他方ではリシャールの火矢によって魔物の頭が吹き飛ばされていく。
この辺りに現れる不死系魔物は良いところC~Bランク下位と言ったところだろう。
ヒスイとリシャールは冒険者ランクこそCランクであるが、本当の実力はもっと高い。
Bランク上位もしくはAランクに手が届こうかと言う実力だ。
この辺りの魔物など問題にはならない。
「つ、強い…!」
王国兵の一人が驚きの声を上げた。
彼らも決して弱い者達ではない。
冒険者にすればBランク下位の実力であろう。
そしてその指揮官であるレオンのBランク中位程度の実力との事だ。
あれ?
そういえばエリクは戦えるのだろうか?
彼は種族としては人鬼である。
ヒスイは最上位人鬼であるが、それよりも下位のエリクは戦闘能力を保有しているのだろうか?

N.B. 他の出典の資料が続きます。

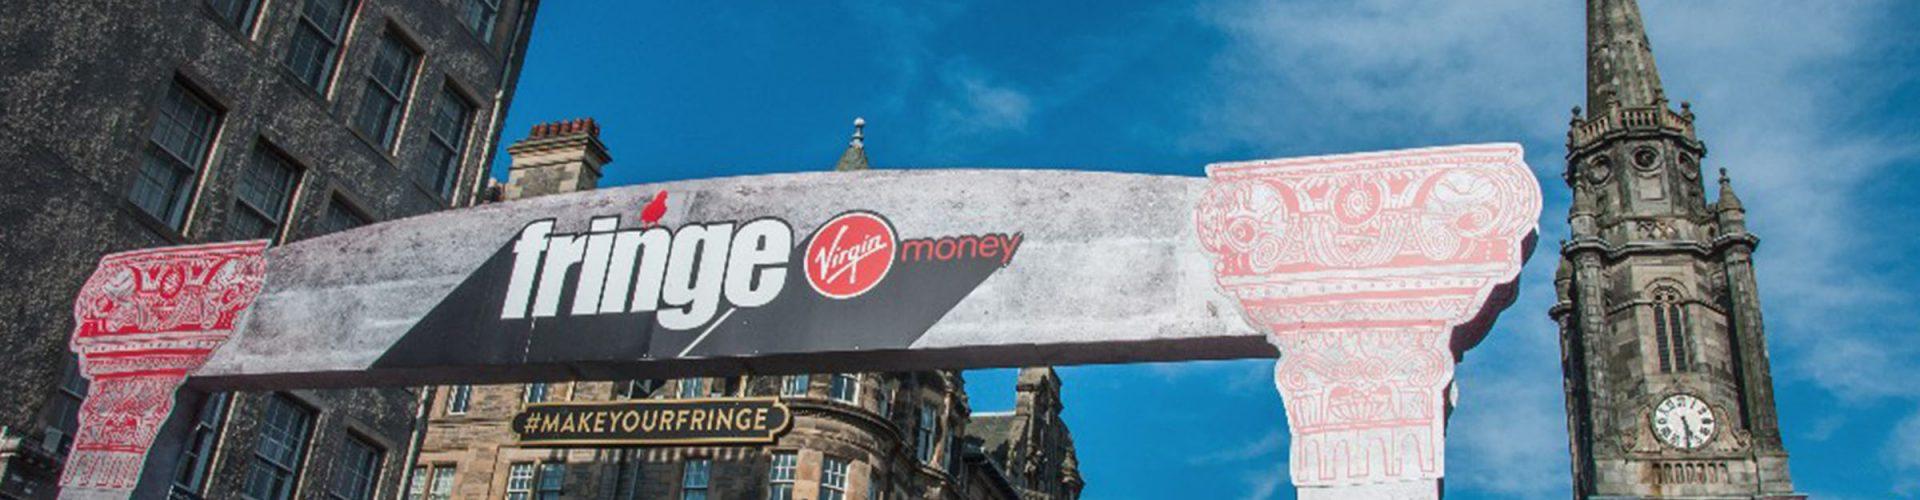 A sign for the Edinburgh Festival Fringe

「…そういえばエリクさんは人鬼ですよね? 戦うことは出来るのですか?」
ボクは小声でエリクに話しかけた。
「ははは、この僕が戦えるように見えますか?」
エリクが笑顔で否定した。
「ヒスイ殿の様に最上位人鬼ではありませんからな。戦いの力など持たぬのですよ。」
「んーですが、ヒスイが人鬼の頃よりも高い知性を持つように見えます。」
「はは、はっきりおっしゃいますな。…僕も故あって人鬼に進化したのですが、戦闘能力は全く伸びず知性の面が一気に伸びましてな。そのお陰で人族の国でそれなりの権威を持つようになったのですよ。」
同じ種族での進化にもいろいろあるのか。
“故あって”と言うのには気になるが、それを聞くのは野暮というものだろう。
しばらく進むとボク達は商業区を抜け、先程エリクが言っていた帝国軍学校と思しき大きな建物が見えてきた。
帝国軍学校は大きさもそうであるが他の建物よりも崩落が少ない。
軍の施設ということでかなり頑丈に作られていたのだろう。
「もうだいぶ日が落ちてきたね。」
ヒスイが呟いた。
時刻はもう夕刻だ。
太陽が西に沈もうとしていた。
「そうですね。夜になってからの調査は危険です。本日の調査はここで終わりにしましょう。」
「町の中で夜を明かすのか?」
「それは流石に…。まずは軍学校の建物に入りましょう。」
「あの建物に入るんですか?」
ボクはエリクに質問した。
あの建物の内部は安全なのだろうか?
「軍学校の建物は他より強固です。あの内部に拠点を築くことができれば万が一の時に有用ですからね。」
確かにそれは一理ある。
「それについてはお任せください。僕も準備してきていますからね。」
エリクは数枚の呪文書を見せてきた。
門を開けた時のものと良い、相当な準備をしてきているのだろう。
「軍学校の扉は開きませんが、裏より侵入口を確保しました。」
軍学校周辺を調べていた王国兵が報告してきた。
「分かりました。それなら行きましょうか。」
「ええ。」
ボク達は帝国軍学校の建物に侵入した。